Though there is still progress to be made, I trust that great strides are on the horizon. In this 20-year span alone, ASH has contributed $15 million to provide more than 400 awards to increase the diversity of physicians and scientists within hematology. However, ASH and the impact of the MRI supersedes the number of physicians and scientists they have recruited: They’ve aided in empowering me and others to shed the burden that comes with being the only one in the room. As I walked the halls of the San Diego Convention Center in December, it wasn’t just that I was not the only one in the room. I was no longer anchored by the fears I’d had just years before.

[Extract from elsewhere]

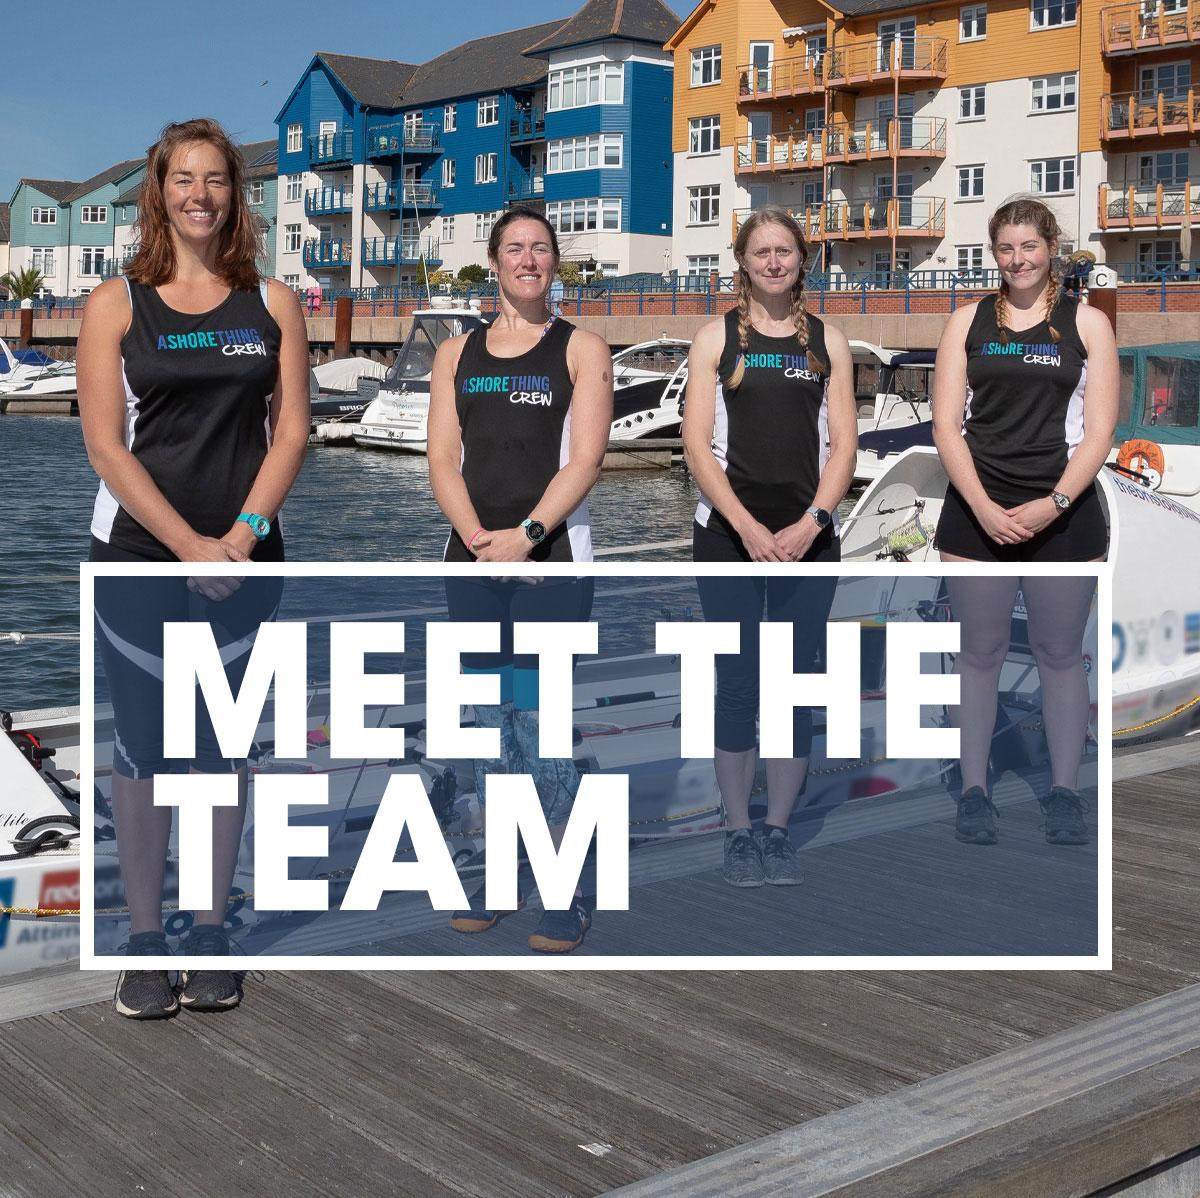 meet-the-team-1200a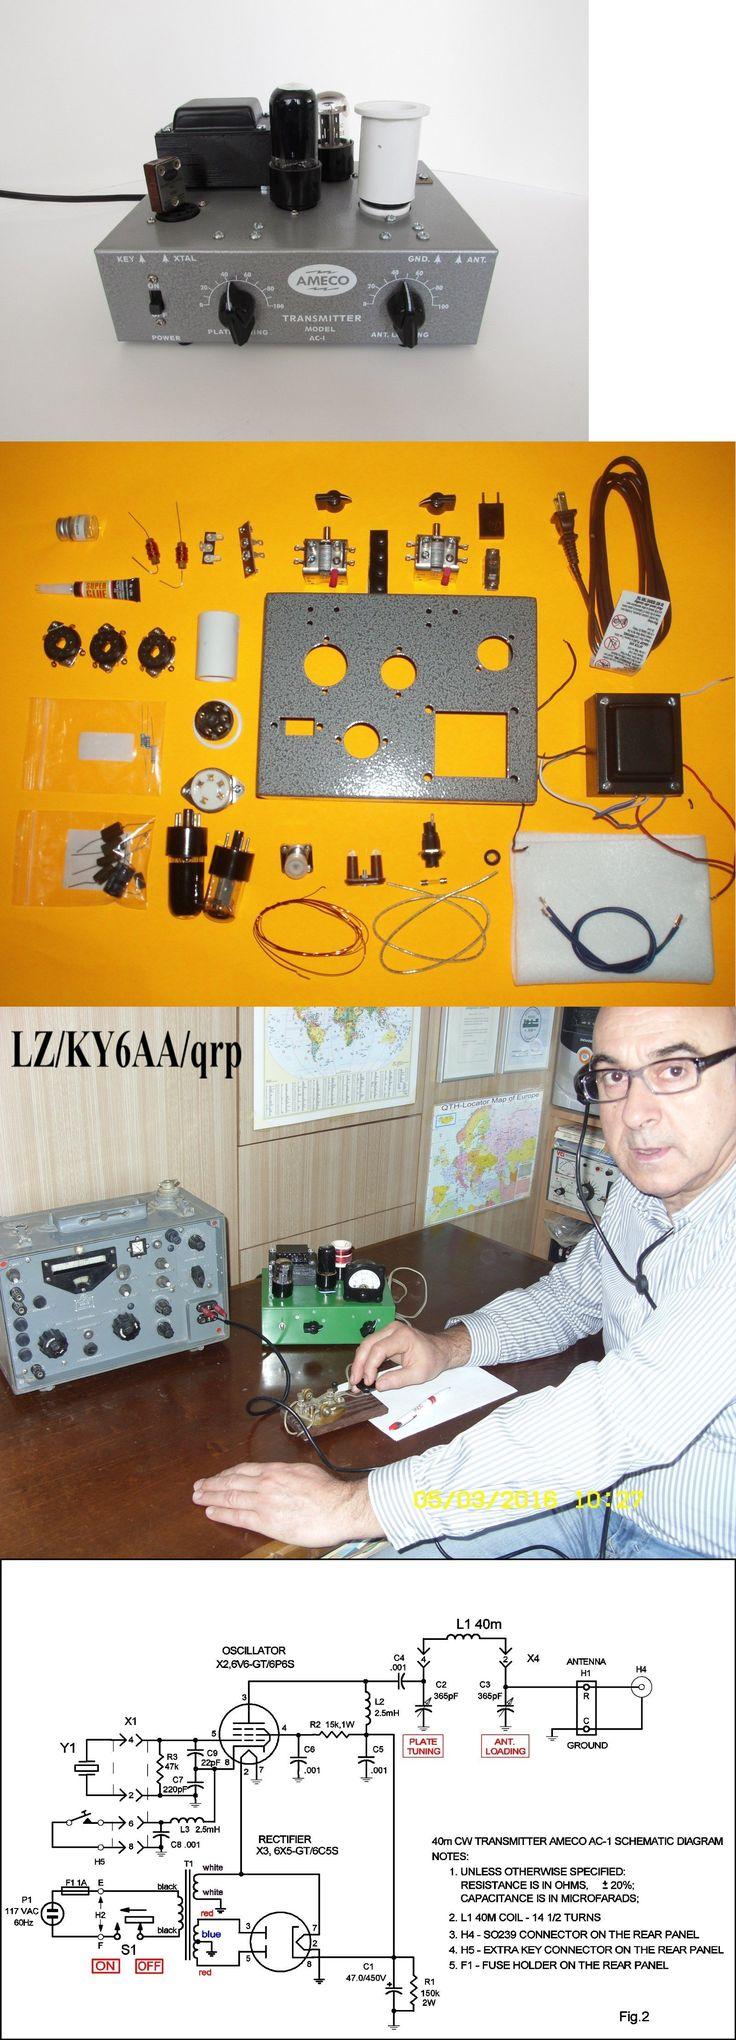 Ham Radio Transmitters: Ameco Ac-1 Transmitter Diy (Do It Yourself ) Replica Kit 40M Ham Radio Band -> BUY IT NOW ONLY: $188.81 on eBay!

Importantly, hematology is not the only specialty that lacks adequate diversity: It is an issue across the board. The number of Black male physicians in practice has been stagnant over the last several years, and there has been only a miniscule increase in the percentage of Black women in the field over the last 120 years (2.7%).1  The deficit in Black and Hispanic physicians will take 92 years to overcome even with intense improvements in recruitment efforts.2  This lack of growth is a reflection of the numerous systemically racist processes that act as barriers to success in becoming a physician or scientist in the United States.

Yet, it is programs fostered by organizations such as ASH that allow us to progress. Diversity lies not in quotas and tokenism, but rather in support systems, transparency, and community. It’s about uplifting the only voices in the room and empowering them so that there may be many.

Dr. Warsame indicated no relevant conflicts of interest.